3. The Reporting Person is one of three individual managing members of Carl Marks Management Company, LLC ("CMMC"), a Delaware limited liability company and registered investment adviser, which is the investment adviser to (i) Carl Marks Strategic Investments, L.P. ("CMSI"), a Delaware limited partnership and private investment partnership, and (ii) Carl Marks Strategic Opportunities Fund, L.P. ("CMSO"), a Delaware limited partnership and private investment partnership. The Reporting Person is also one of three individual managing members of (x) CMSI GP, LLC ("CMSI GP"), a Delaware limited liability company and the general partner of CMSI, and (y) Carl Marks GP, LLC ("CMSO GP"), a Delaware limited liability company and the general partner of CMSO.
4. Of the shares of Common Stock purchased on August 29, 2012, 23,728 shares were purchased by CMSI and 76,572 shares were purchased by CMSO. Of the shares of Common Stock purchased on August 30, 2012, 1,088 shares were purchased by CMSI and 3,512 shares were purchased by CMSO. Of the shares of Common Stock purchased on August 31, 2012, 2,974 shares were purchased by CMSI and 9,596 shares were purchased by CMSO. Following the transactions reported herein, CMSI holds 626,544 shares of Common Stock and CMSO holds 1,437,908 shares of Common Stock.

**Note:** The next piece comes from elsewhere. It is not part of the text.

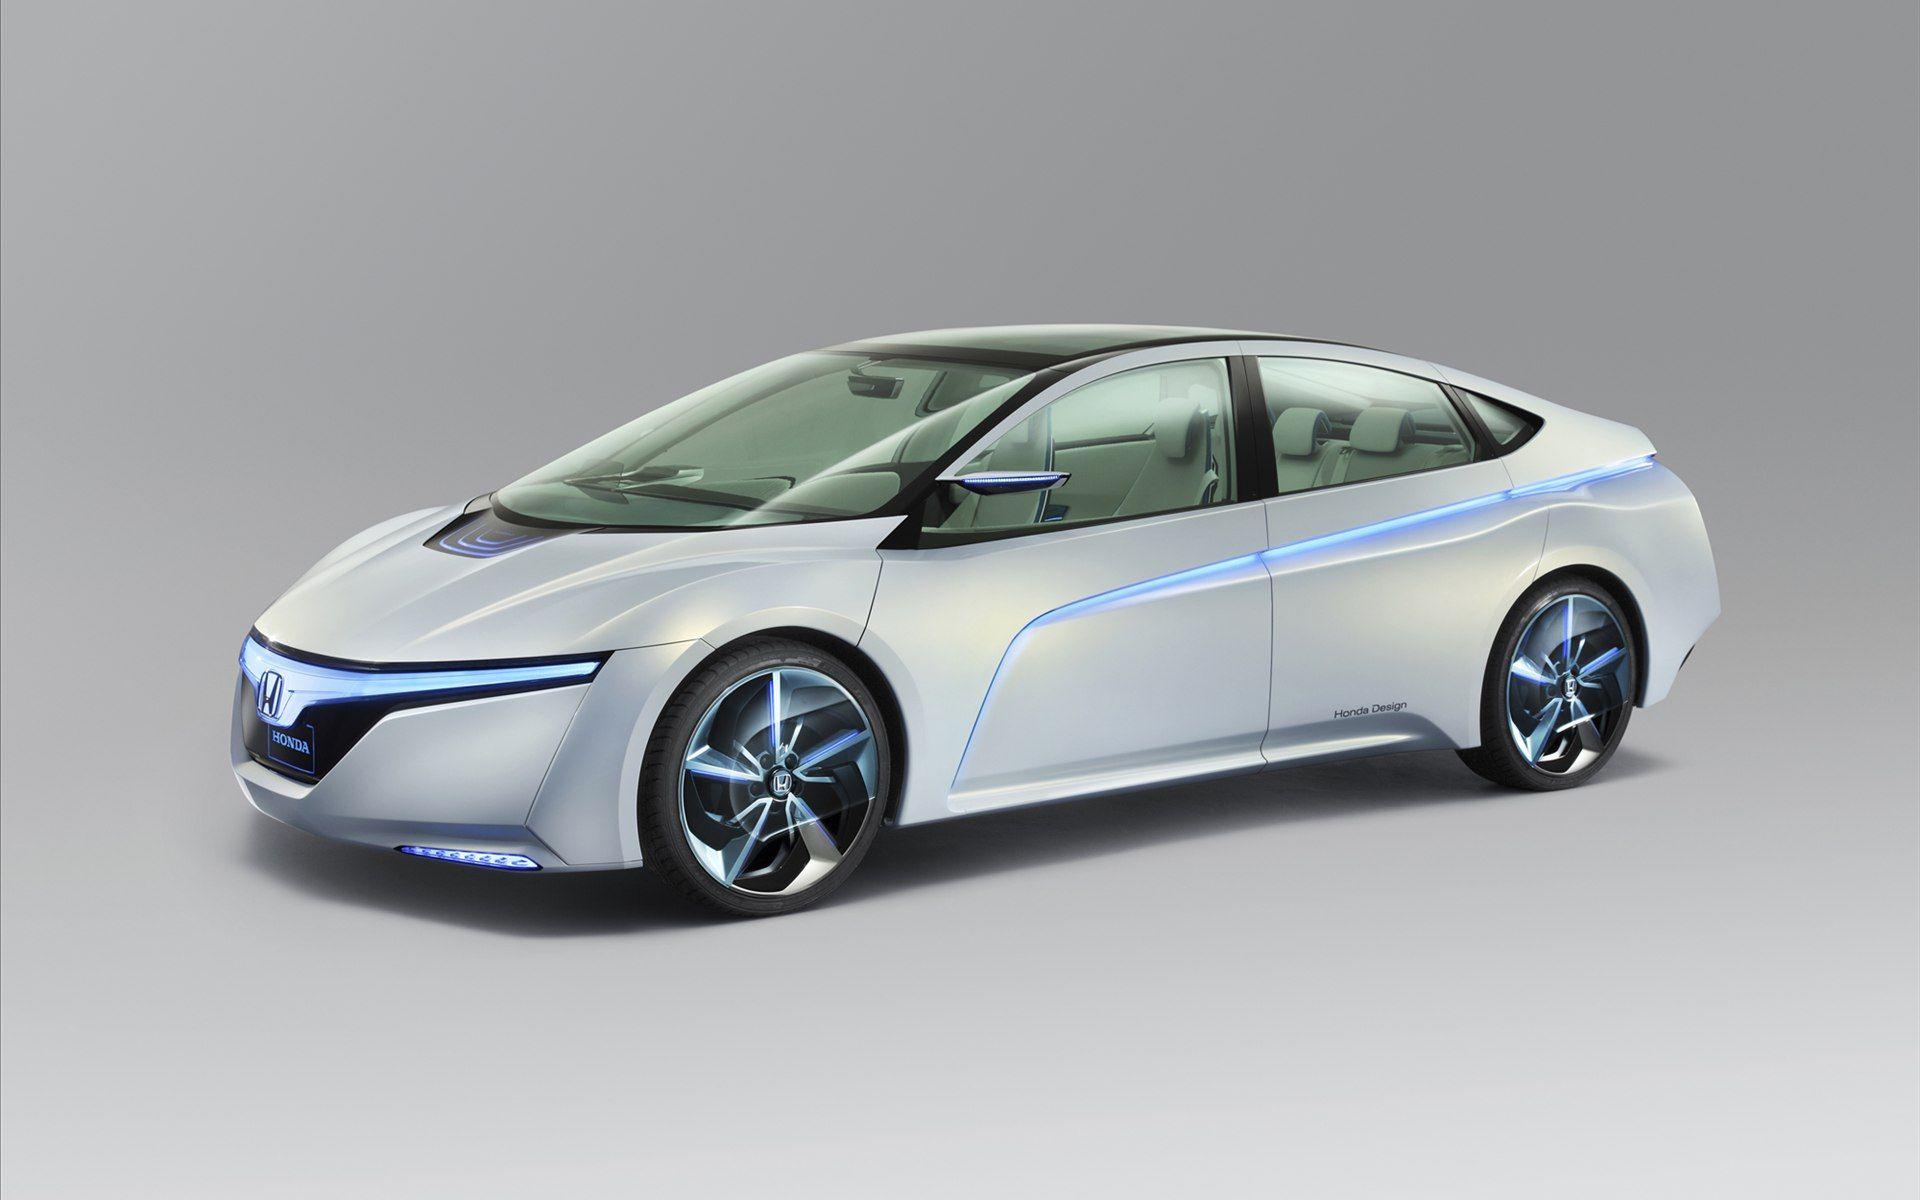 honda concept car tokyo auto show 2011 wallpaper

5. Shares of the Company held by CMSI and CMSO may be deemed to be beneficially owned (i) indirectly by CMMC, as the investment adviser to CMSI and CMSO; (ii) indirectly by CMSI GP, as the general partner of CMSI, and CMSO GP, as the general partner of CMSO, respectively; and (iii) indirectly, on a shared basis, by the Reporting Person and the two other individual managing members of CMMC, the investment adviser to CMSI and CMSO, who share the power to direct the vote or disposition of such securities. CMMC and the three individual managing members of CMMC have previously filed statements pursuant to Sections 13 and 16 of the Securities Exchange Act of 1934, as amended, with respect to the Company's securities which they may be deemed to beneficially own. The Reporting Person's beneficial ownership of the Company's securities is limited to his indirect interest (if any) in the shares of Common Stock held by CMSI and CMSO, limited to his pecuniary interest in CMSI and CMSO (if any).
Remarks:
/s/ Andrew M. Boas 08/31/2012
** Signature of Reporting Person Date
Reminder: Report on a separate line for each class of securities beneficially owned directly or indirectly.
* If the form is filed by more than one reporting person, see Instruction 4 (b)(v).
** Intentional misstatements or omissions of facts constitute Federal Criminal Violations See 18 U.S.C. 1001 and 15 U.S.C. 78ff(a).